Objective:To determine the inter‐relationships between five first‐trimester biomarkers (pregnancy associated plasma protein A [PAPP‐A], alpha‐fetoprotein [AFP], beta human chorionic gonadotrophin [beta‐hCG], placenta growth factor [PlGF] and soluble fms‐like tyrosine kinase receptor‐1 [sFlt‐1]) and a range of adverse pregnancy outcomes (APOs).
Design:Prospective cohort study of nulliparous singleton pregnancy.
Population or Sample:4056 pregnancy outcome prediction study participants.
Methods:The biomarker concentrations were measured in maternal serum at ~12 weeks of gestation. Univariable analysis of APOs was performed using logistic regression. Multivariable analysis used best subsets logistic regression with cross‐validation.
Main outcome measures:Pre‐eclampsia (PE), small for gestational age (SGA), including severe SGA (birthweight <3rd), fetal growth restriction (FGR), preterm birth (PTB, both induced and spontaneous [iPTB and sPTB, respectively]), pre‐viable loss and stillbirth, plus combinations of outcomes.

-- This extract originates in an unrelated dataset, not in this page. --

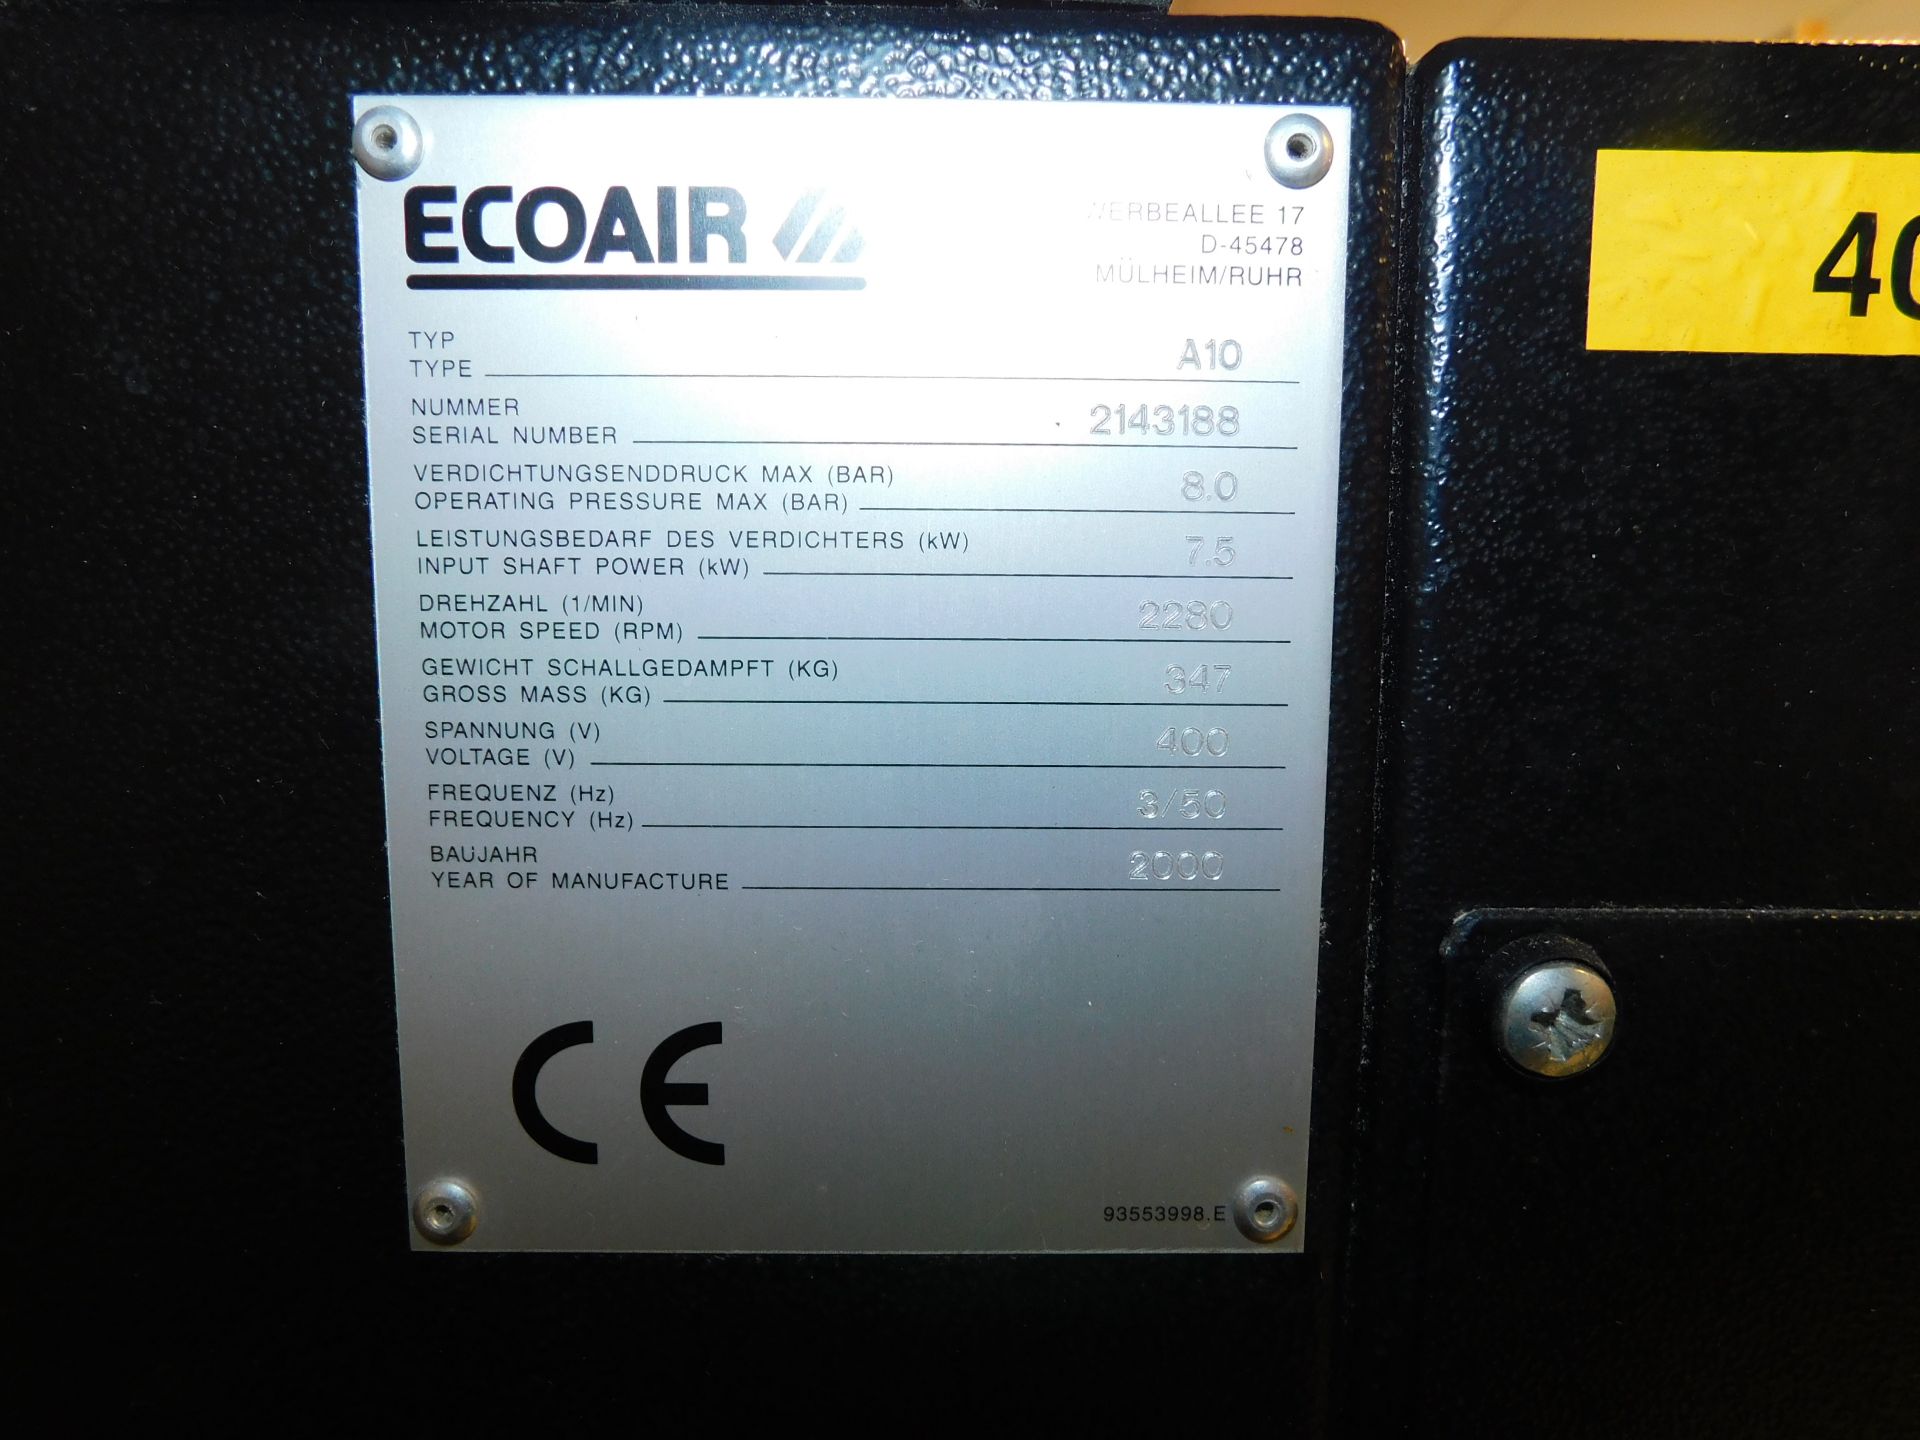 Ecoair A10 Receiver Mounted Silenced Air Compressor, Serial No 2143186 (2000) 8 Bar Max Pressure ( - Image 4 of 4
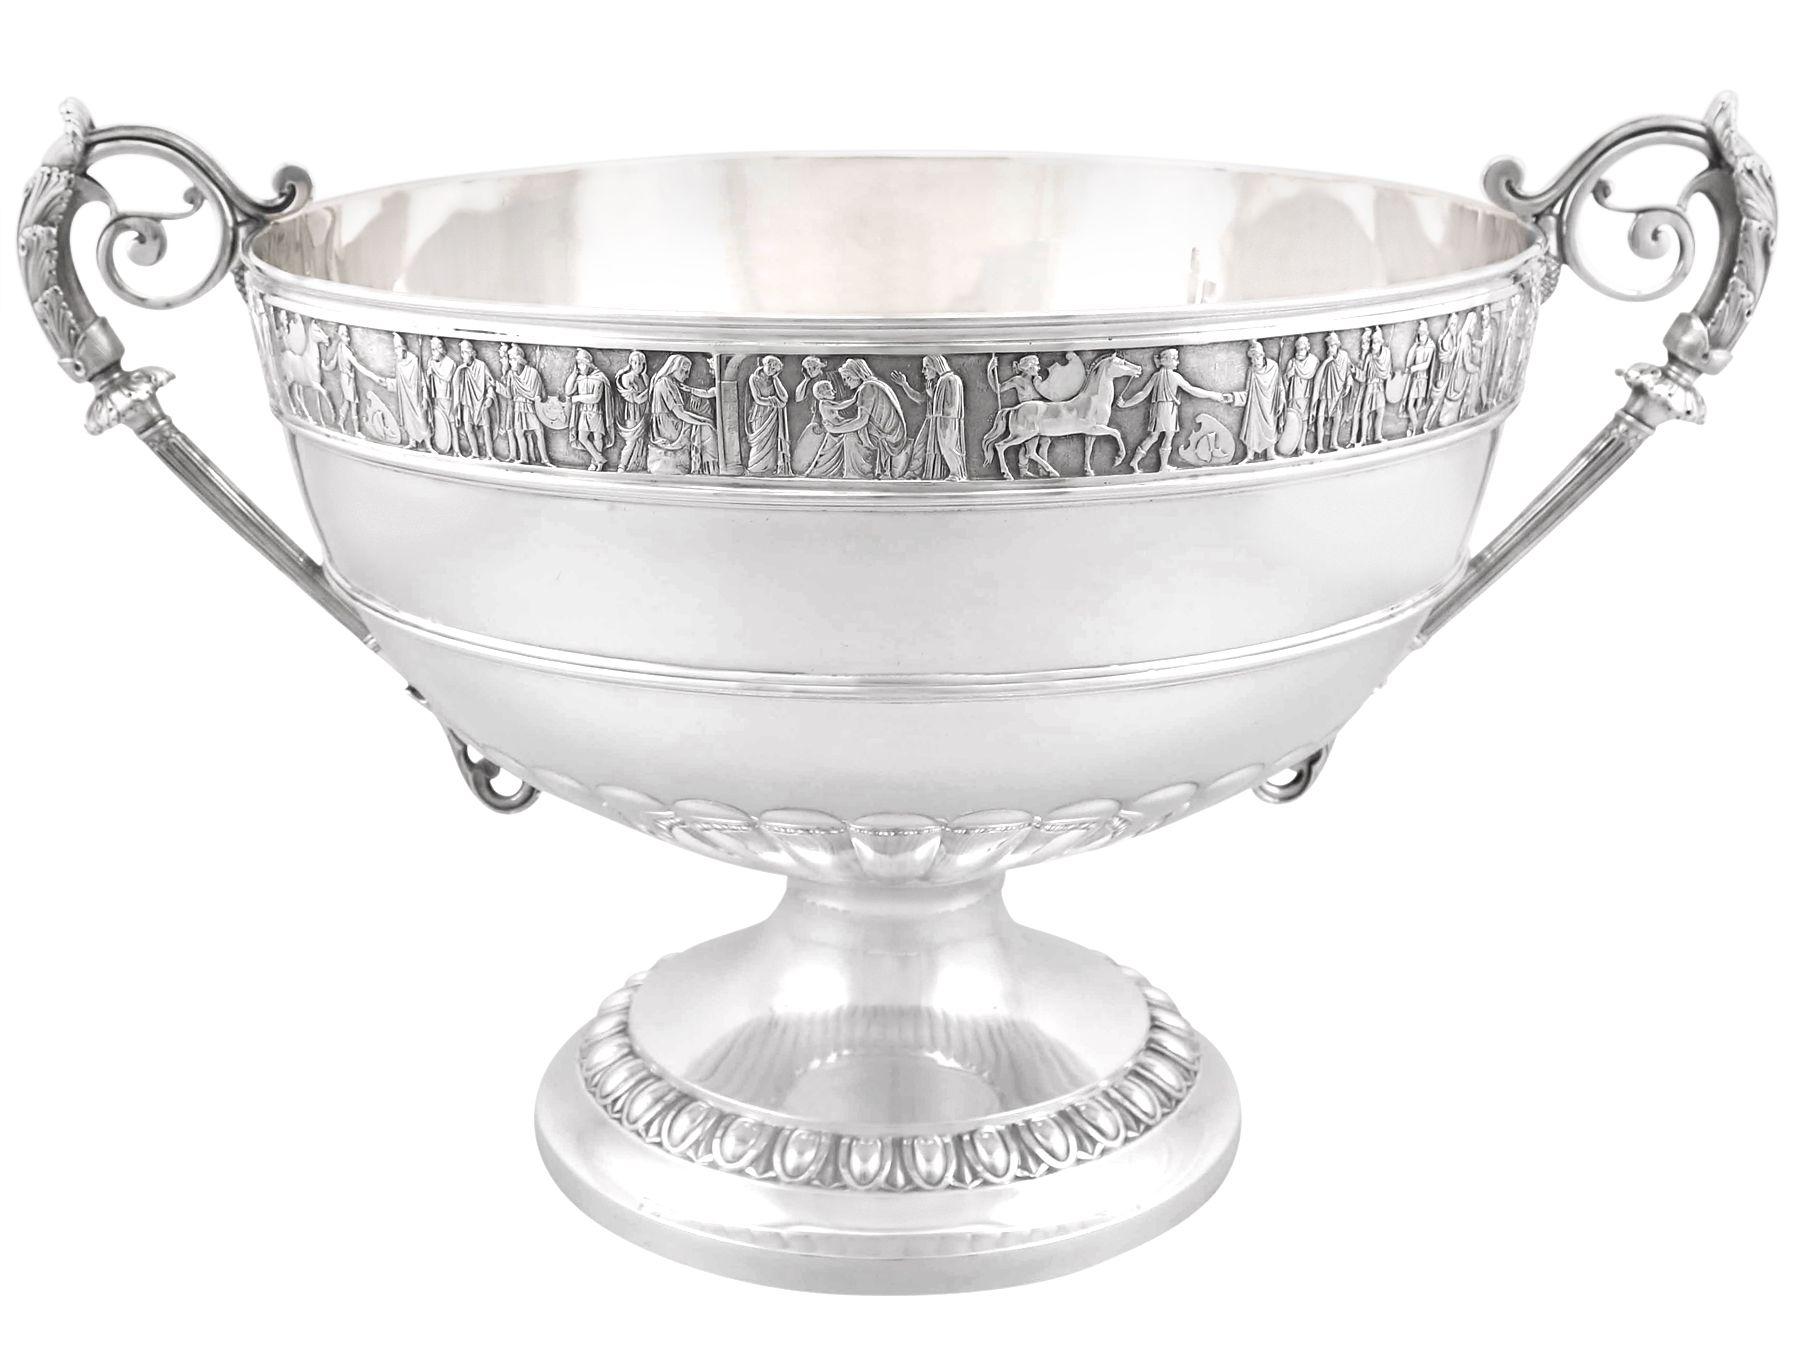 Molded Antique Victorian 1899 Sterling Silver Presentation Bowl For Sale

Results:Lower values of PAPP‐A, PlGF and sFlt‐1 and higher values of AFP were associated with FGR (OR for 1 SD higher value 0.59 [95% CI 0.48–0.74], OR 0.56 [95% CI 0.44–0.70], OR 0.68 [95% CI 0.54–0.87] and OR 1.53 [95% CI 1.25–1.88]), severe SGA (OR 0.59 [95% CI 0.49–0.72], OR 0.71 [95% CI 0.57–0.87], OR 0.74 [95% CI 0.60–0.91] and OR 1.41 [95% CI 1.17–1.71]), sPTB (OR 0.61 [95% CI 0.50–0.73], OR 0.79 [95% CI 0.66–0.96], OR 0.57 [95% CI 0.47–0.70] and OR 1.41 [95% CI 1.18–1.67]) and iPTB (OR 0.72 [95% CI 0.57–0.91], OR 0.62 [95% CI 0.49–0.78], OR 0.71 [95% CI 0.56–0.90] and OR 1.44 [95% CI 1.16–1.78]), respectively. When combinations of biomarkers were assessed, PAPP‐A and AFP were independently associated with severe SGA; PAPP‐A alone with PE + PTB; PlGF alone with severe PE; PlGF, beta‐hCG, AFP and PAPP‐A with the combination of PE and SGA; AFP and sFlt‐1 with sPTB; and AFP and PlGF with iPTB.
Conclusions:Combinations of first‐trimester placental biomarkers are associated with APOs. However, the patterns vary for different types of APO, indicating heterogeneity in the underlying pathophysiological pathways.